Игнач крест - Георгий Федоров
Шрифт:
Интервал:
Закладка:
На нее стала заглядываться не только челядь[70], но и люди всякого звания. А однажды, отправив беременную жену в деревенскую вотчину, вызвал ее к себе в горницу сам Степан Твердиславич и объявил, что, не спросясь Даши, отдает ее замуж за Еремку, храброго, но беспутного своего закупа.
На Дашу самоуправство молодого боярина, которого она почитала пуще родного отца, оказало такое тяжелое действие, что она стала молчаливой и замкнутой, как будто окружила себя невидимым, но непроницаемым заборолом[71]. На свадьбе Еремка допился до полного изумления, хватал всех девок, лез к мужикам то драться, то целоваться и в конце концов свалился в беспамятстве.
Всю ночь просидела Даша в подклети, отведенной для молодых, куда перетащили ее мужа, прислушиваясь к его храпу и постанываниям в пьяном сне. Однако, протрезвившись, Еремка отнесся к Дарье с почтением, не раз величал ее по отчеству, никогда не бил, старался во всем угождать. Даша немного оттаяла душой и не то чтобы полюбила своего бесшабашного мужа, но относилась к нему заботливо и снисходительно. В положенный срок родился у нее сын. Роды принимала тетка Ефросинья — старая ворожея. Дарья долго мучилась, прежде чем разрешилась от бремени, а через три дня сын помер, даже окрестить не успели. Тут только в первый раз Дарья заплакала.
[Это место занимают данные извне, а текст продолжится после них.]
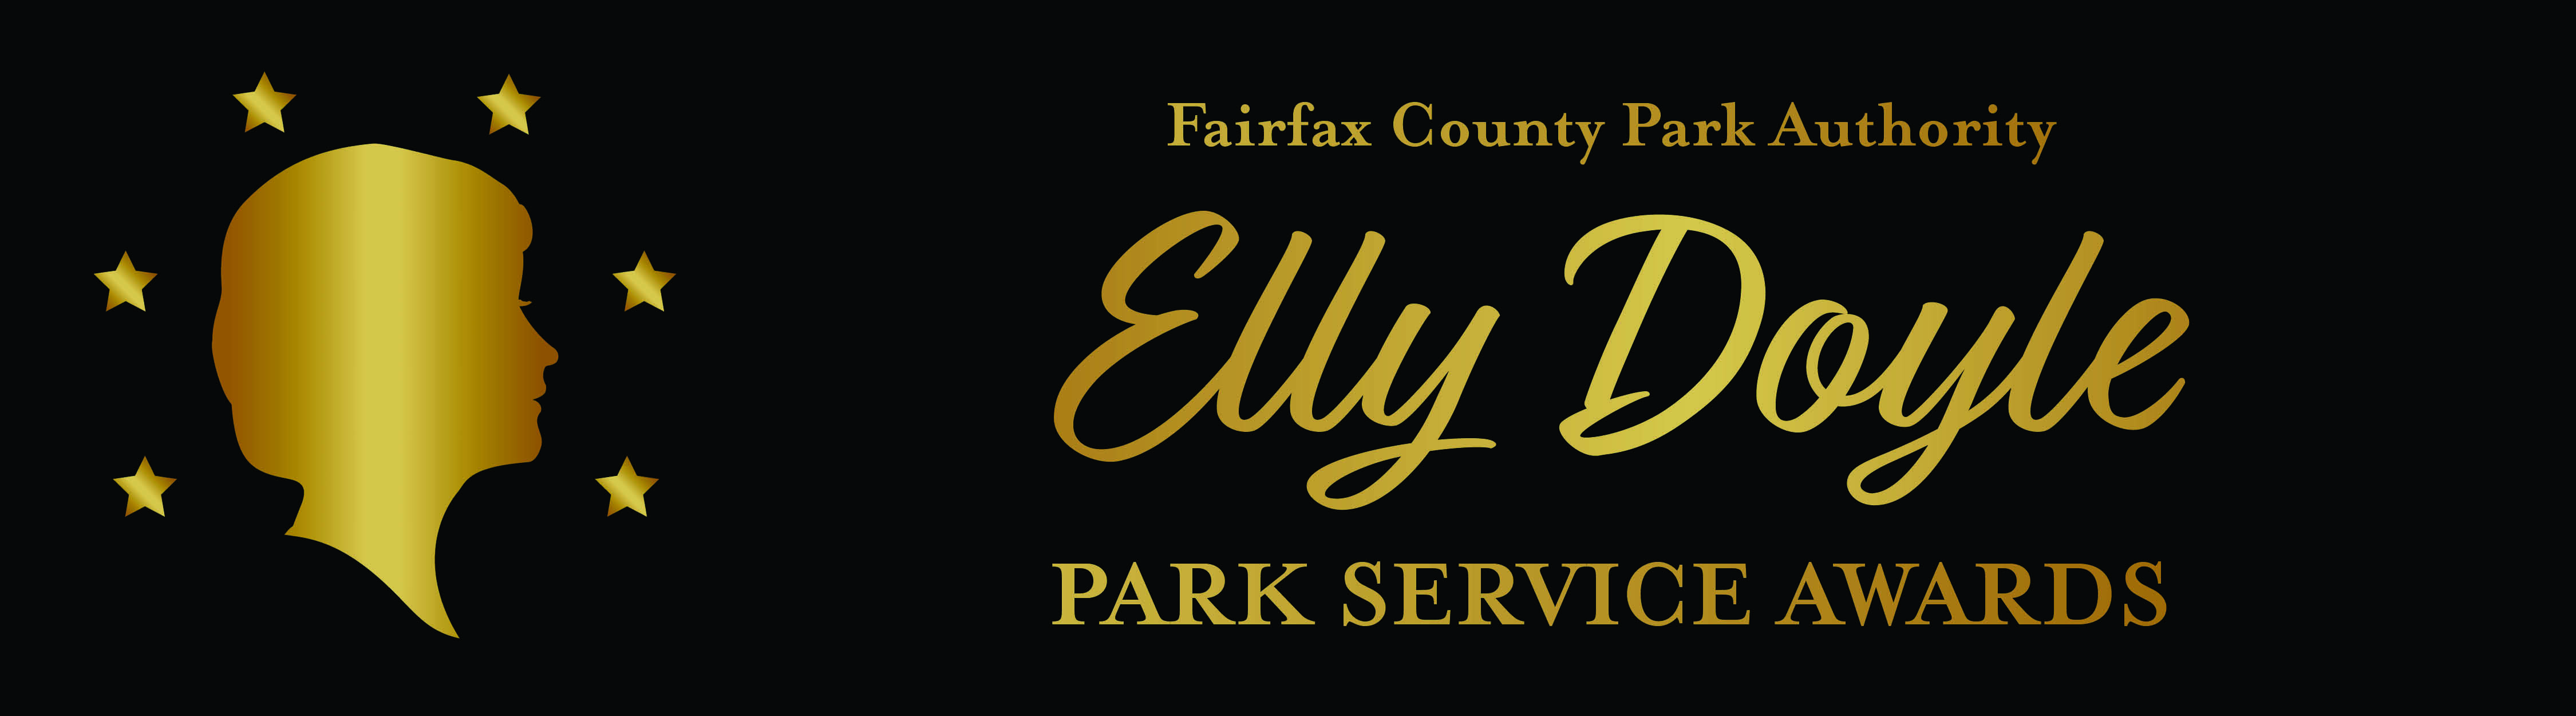 Elly Doyle Park Service Awards

— Что ж ты, Фроська, не спасла его, — рыдала она, — нет тебе моего прощения! Сама теперь знахаркой стану, а ты меня наставляй. Все тайны твои выведаю, а лечить научусь…
В это время впервые после многих преждевременных родов жена Степана Твердиславича Меланья благополучно принесла дочь. Назвали ее Александрой. Молока у Меланьи не хватало, девочка целые дни натужно плакала и худела. Дашу взяли в дом кормилицей. Алекса ожила, зарумянилась, загулькала. Меланья была без ума от радости и все время осыпала молодую кормилицу подарками и милостями. Дарья же сама всей душой привязалась к девочке.
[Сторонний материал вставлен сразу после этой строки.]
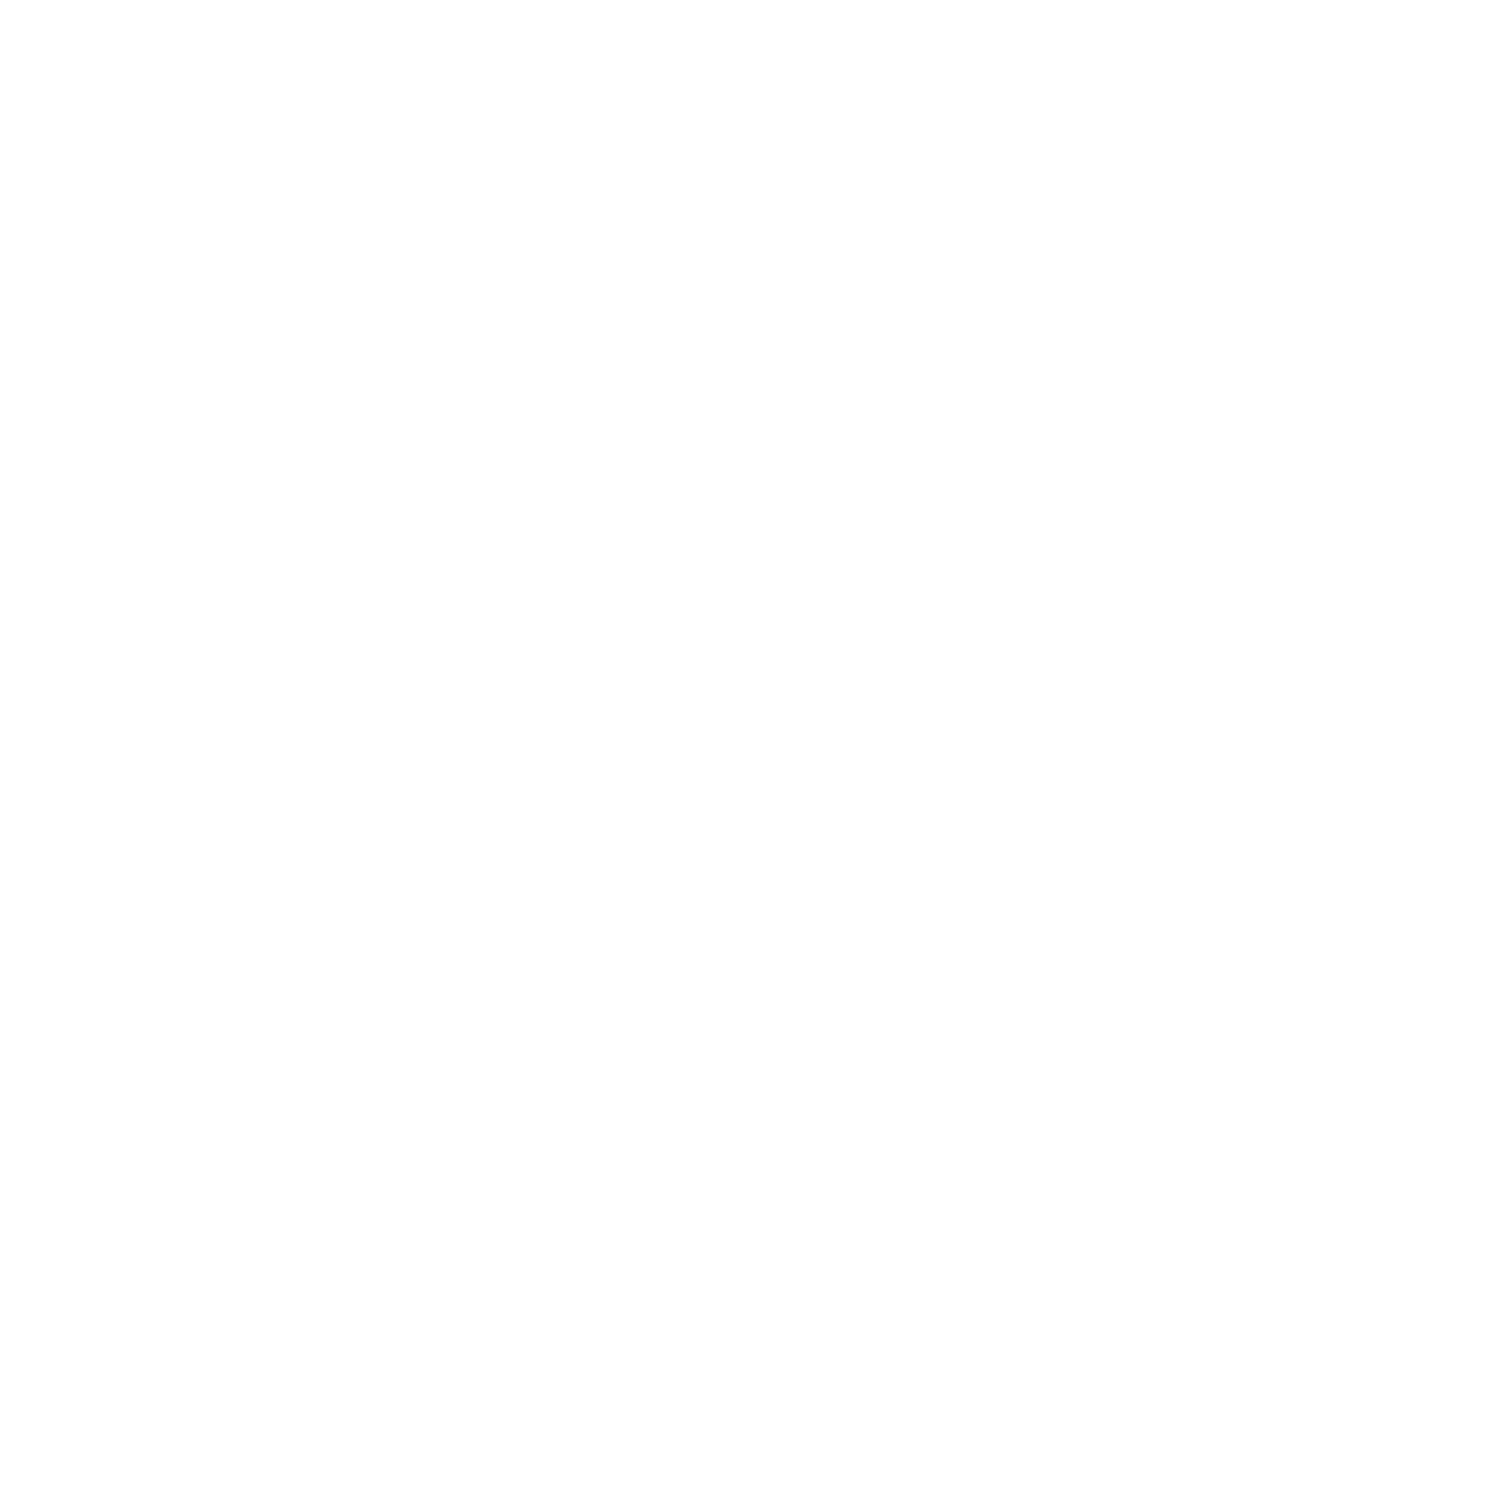 Lynsie Steinley Christian Coaching

Дома Даша вела хозяйство да еще успевала лечить людей, пользуясь знаниями, которые почерпнула от Ефросиньи да и от других знахарок. Еремка же не пытался перейти ту невидимую черту, которая отделяла его от жены. Он затосковал, в конце концов напросился идти в поход с лихими молодцами на далекую Печору, чтобы добыть богатство и выкупить свою и Дарьину купу. Однако из похода он так и не вернулся. Дарья всплакнула, поставила свечку за упокой души убиенного мужа и продолжала растить Александру, а потом и ее брата Мишу. После смерти Меланьи и все хозяйство посадника легло на плечи Дарьи, да только перечила она часто Степану Твердиславичу, и он как-то раз в гневе отослал ее на дальнюю свою вотчину, в деревню Игнатовку, где она и жила уже без малого пять лет в доме Еремкиного брата Игната Трефилыча…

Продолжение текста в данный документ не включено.